*** Given information

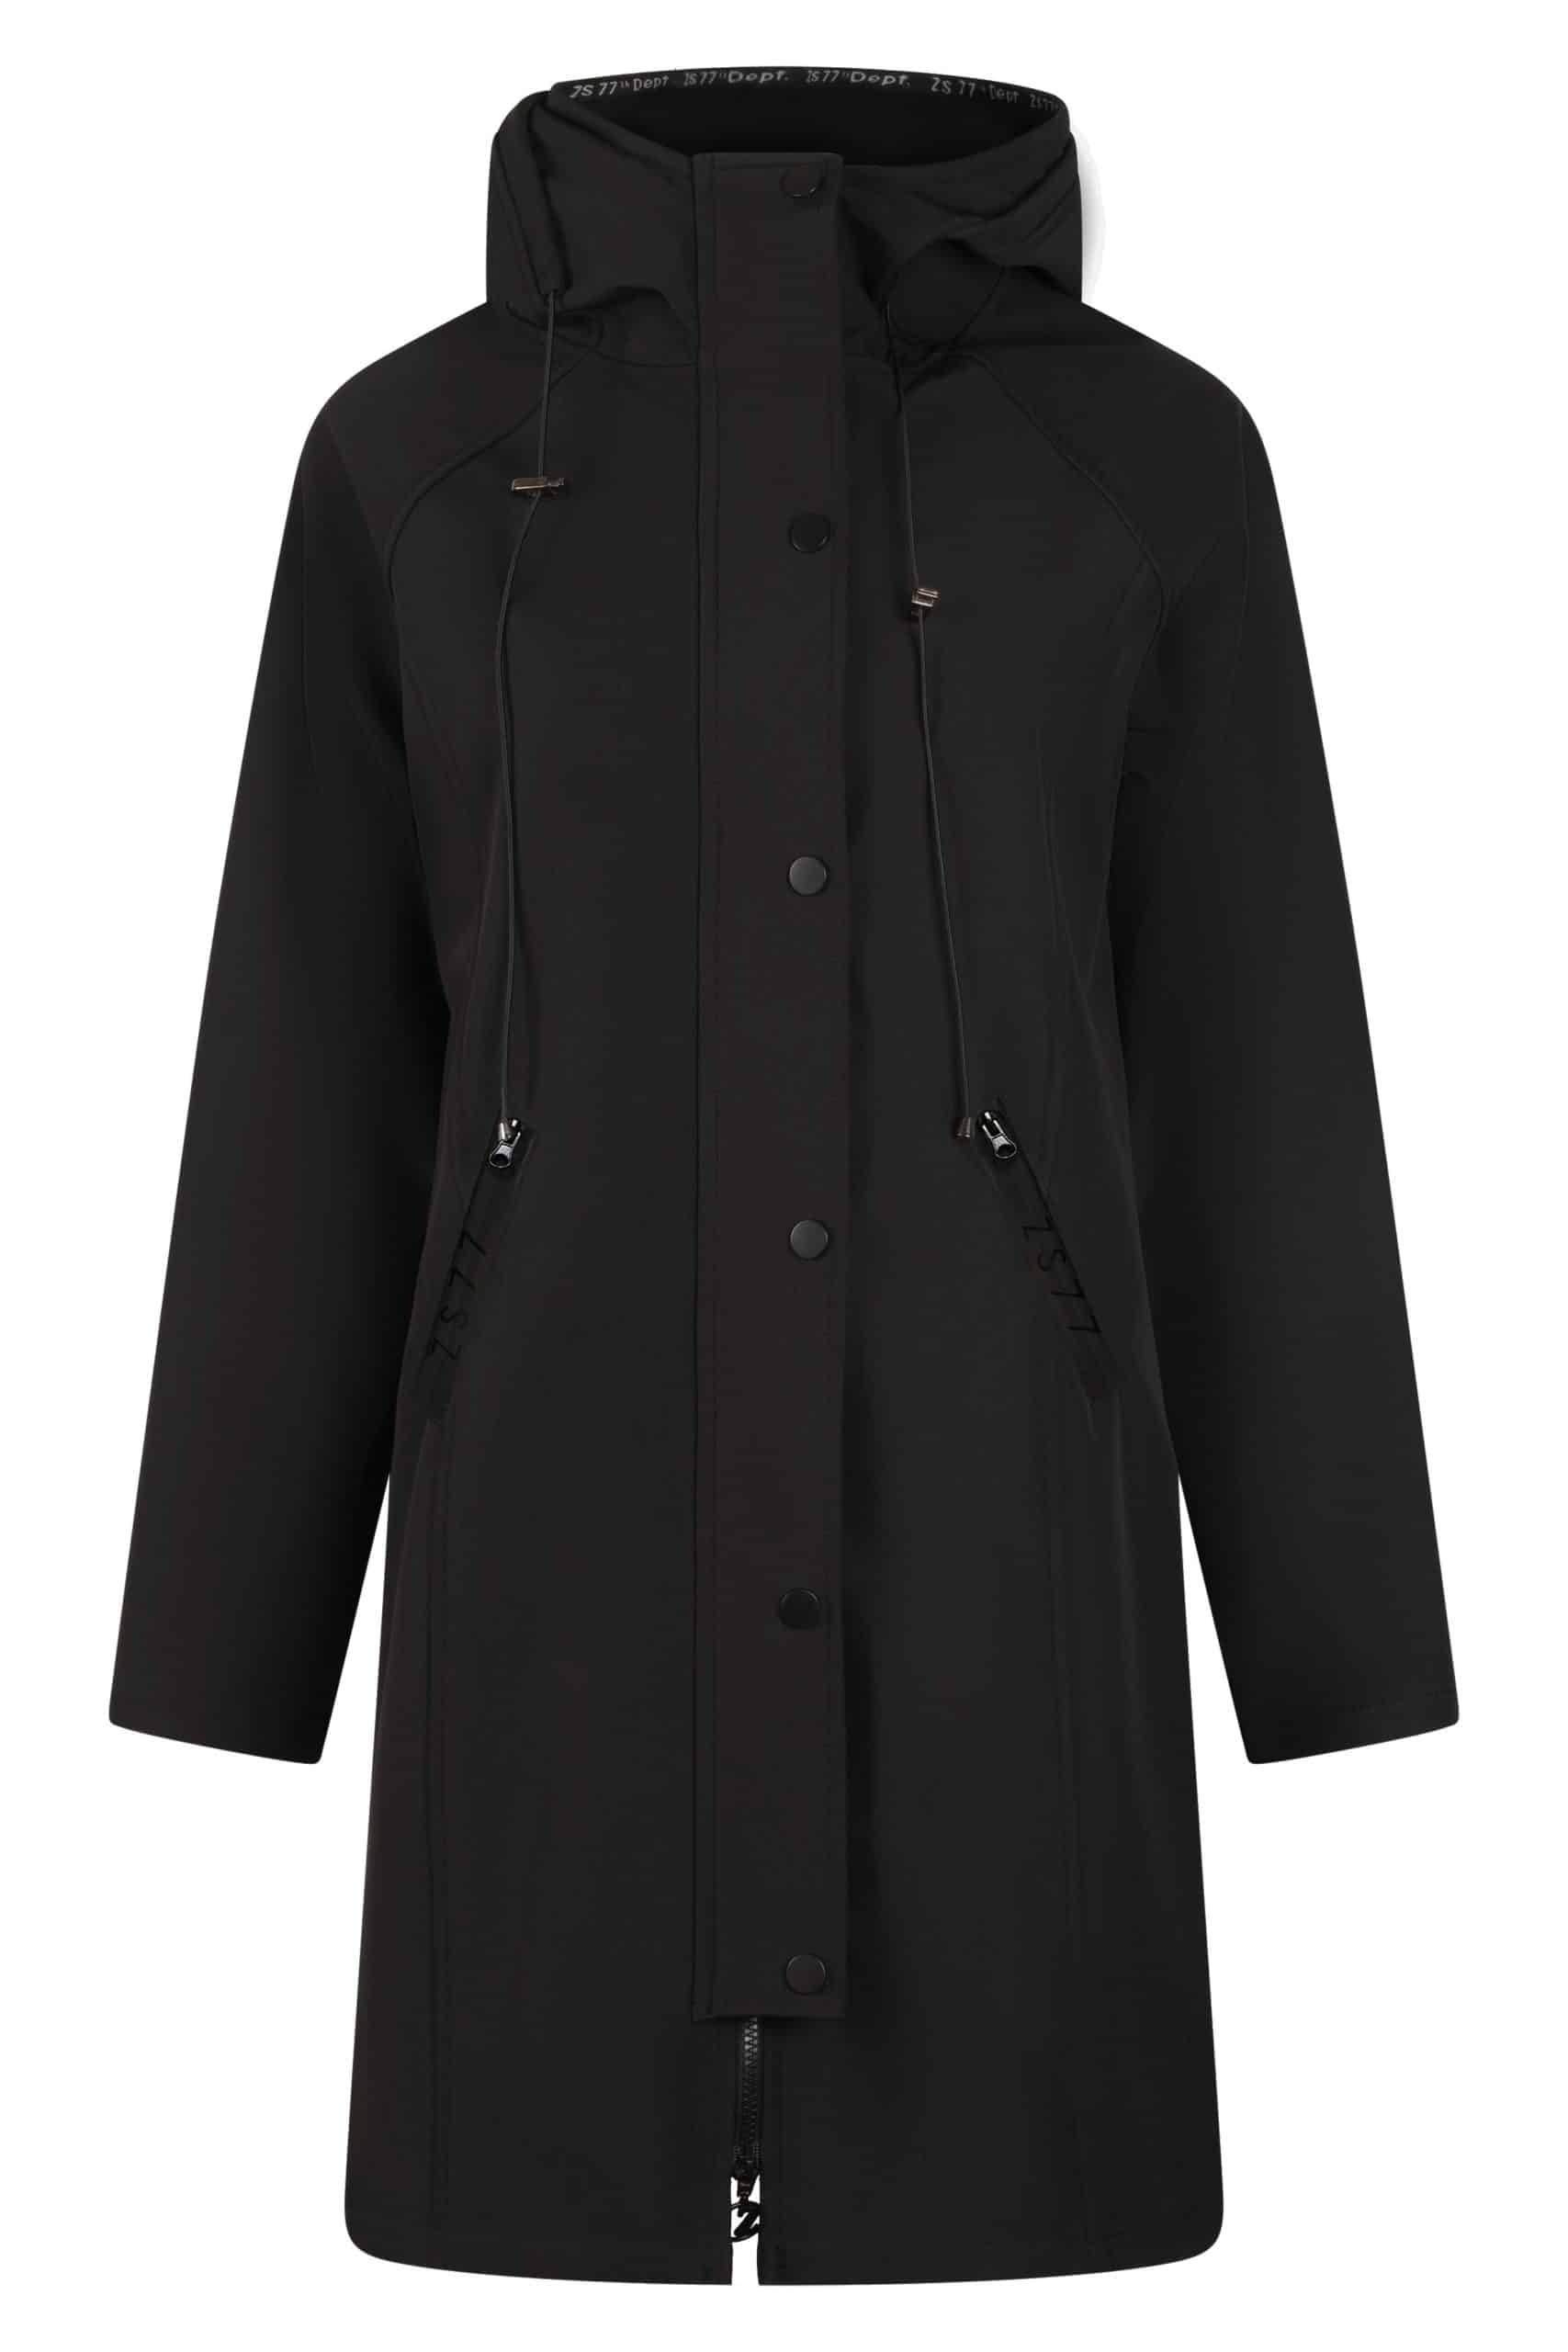 Zoso 224 Outdoor Softshell Coat Black
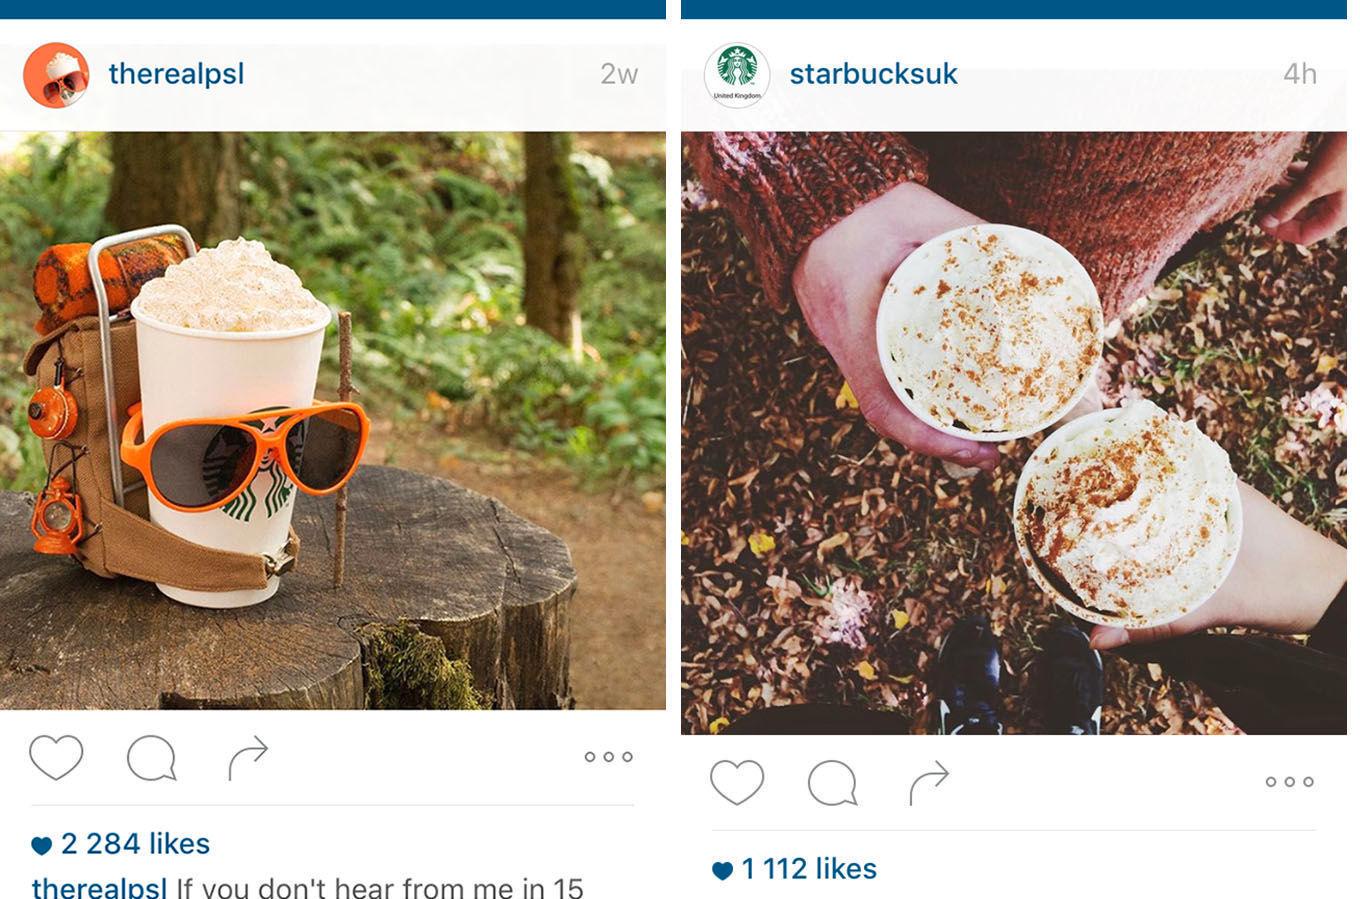 VINNER SOSIALE MEDIER: PSL er en svært populær kaffe. Også på sosiale medier. Foto: Instagram/@therealpsl/@starbucksuk.
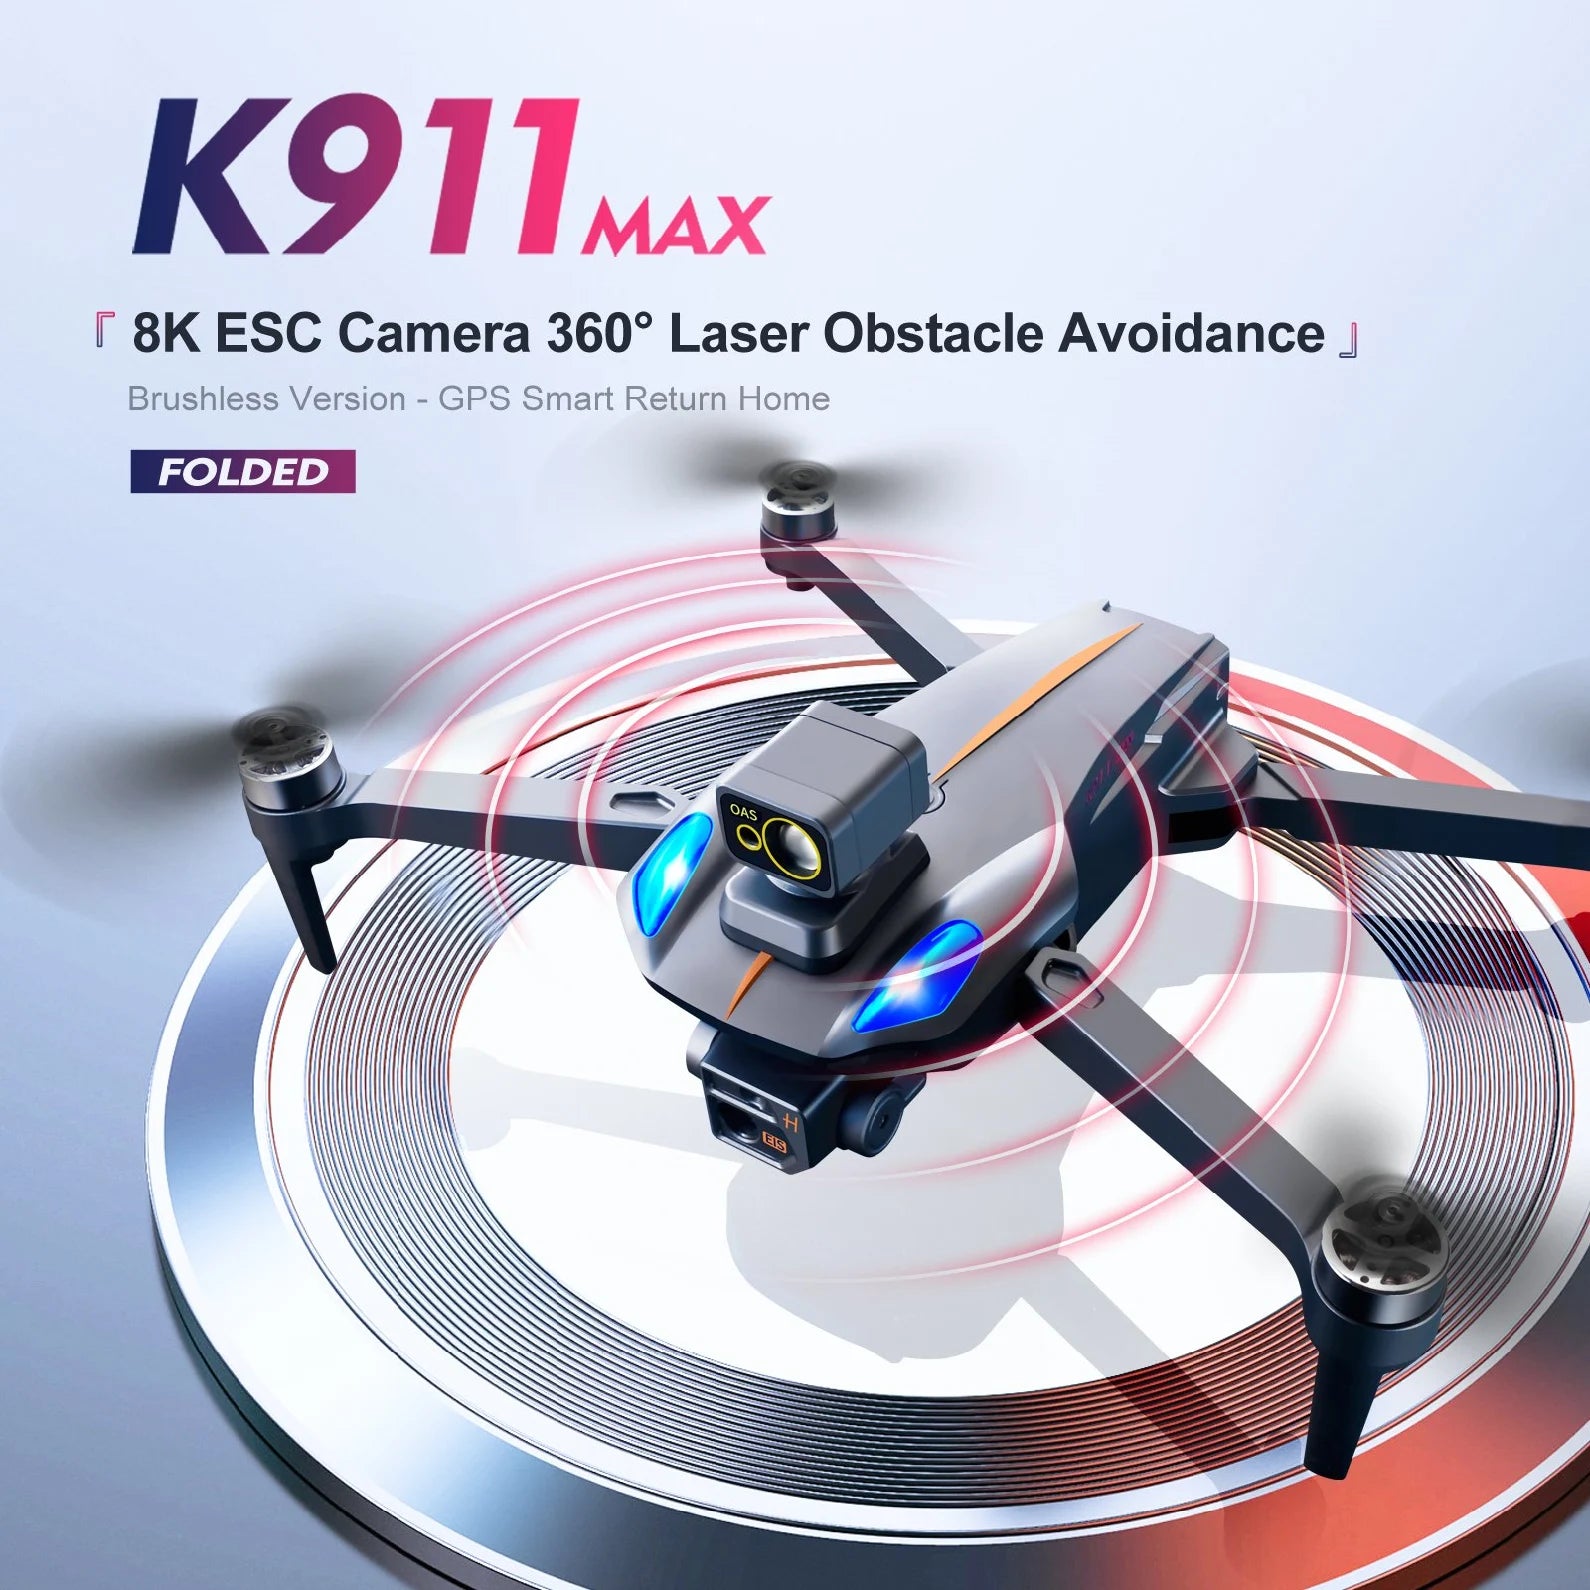 K911 MAX 8K ESC Camera 3600 Laser Obstacle Avoidance Brush

******

**The task:**
Return the complete material exactly as it appears, without images.

**Written solution:**
 Zoso 224 Outdoor Softshell Coat Black
 VINNER SOSIALE MEDIER: PSL er en svært populær kaffe. Også på sosiale medier. Foto: Instagram/@therealpsl/@starbucksuk.
 K911 MAX 8K ESC Camera 3600 Laser Obstacle Avoidance Brush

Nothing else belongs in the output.